DNA immunoprecipitation with anti-5mC antibody. Immunoprecipitation with an antibody against 5-methylcytidine was carried out to test the antibody’s affinity towards modified cytosines. The levels of immunocaptured 76-mers were measured using liquid scintillation counting. As a control, normal mouse IgG was used for immunoprecipitation. The oligonucleotides C76, 5mC76 and 5hmC76 were synthesized by PCR and contain C, 5mC or 5hmC at three BstUI sites as schematically indicated at the top of the Figure (see Figure 1 for sequence). Oligonucleotides 5mC5hmC76 and 5mC76a were prepared by chemical synthesis and contain 5hmC or C at the central BstUI site.

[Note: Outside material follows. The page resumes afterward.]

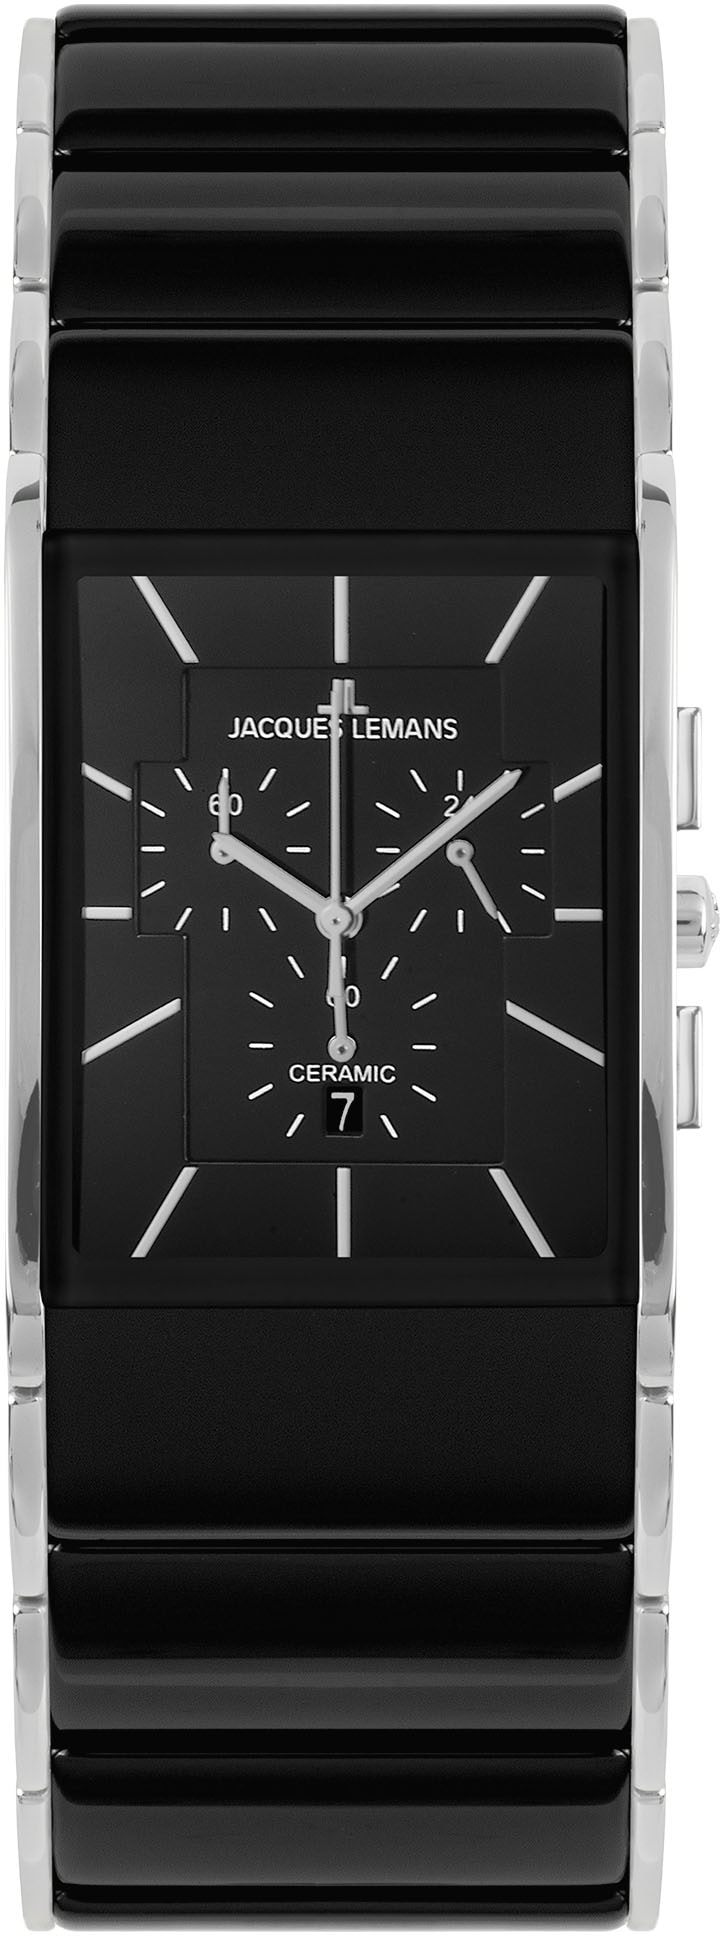 Jacques Lemans Chronograph »Dublin«, Quarzuhr, Armbanduhr, Damenuhr, Herrenuhr, Keramik, Stoppfunktion
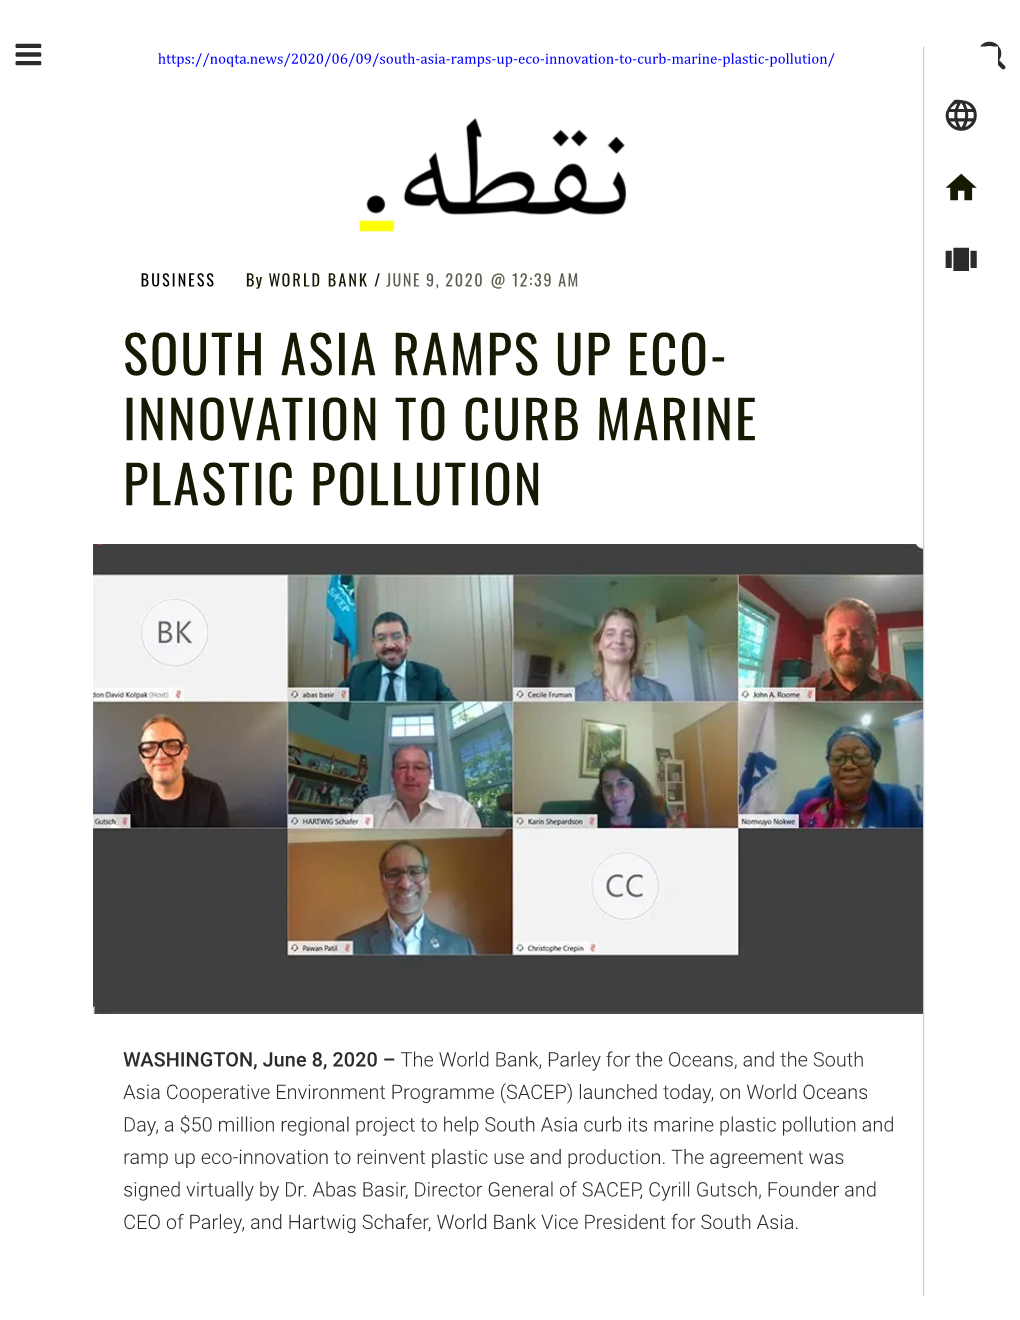 Innovation to Curb Marine Plastic Pollution

Experiments were done in triplicates and the standard deviation is shown.

Figure 4.

Affinity of MBD proteins towards 5mC- and 5hmC-containing oligomers. (A) Binding of MBD2b and the MBD2b/MBD3L1 complex (MIRA complex) to modified cytosines. 76-mer oligonucleotides containing symmetrically modified cytosines, 5mC or 5hmC at CpG sites were incubated with recombinant MBD2b alone (200 ng of protein) or with the MBD2b/MBD3L1 complex (100 ng of each protein). The mobility shift assay was carried out using a 5% non-denaturing polyacrylamide gel. The oligonucleotides C76, 5mC76 and 5hmC76 were synthesized by PCR and contain C, 5mC or 5hmC at three BstUI sites (see Figure 1). Oligonucleotides 5mC5hmC76 and 5mC76a were prepared by chemical synthesis and contain 5hmC or C at the central BstUI site (see Figure 3). (B) Binding of MBD1 and MBD4 to modified cytosines. These proteins bind effectively to methylated CpG sequences but do not bind to the same sequences containing 5hmC in place of 5mC.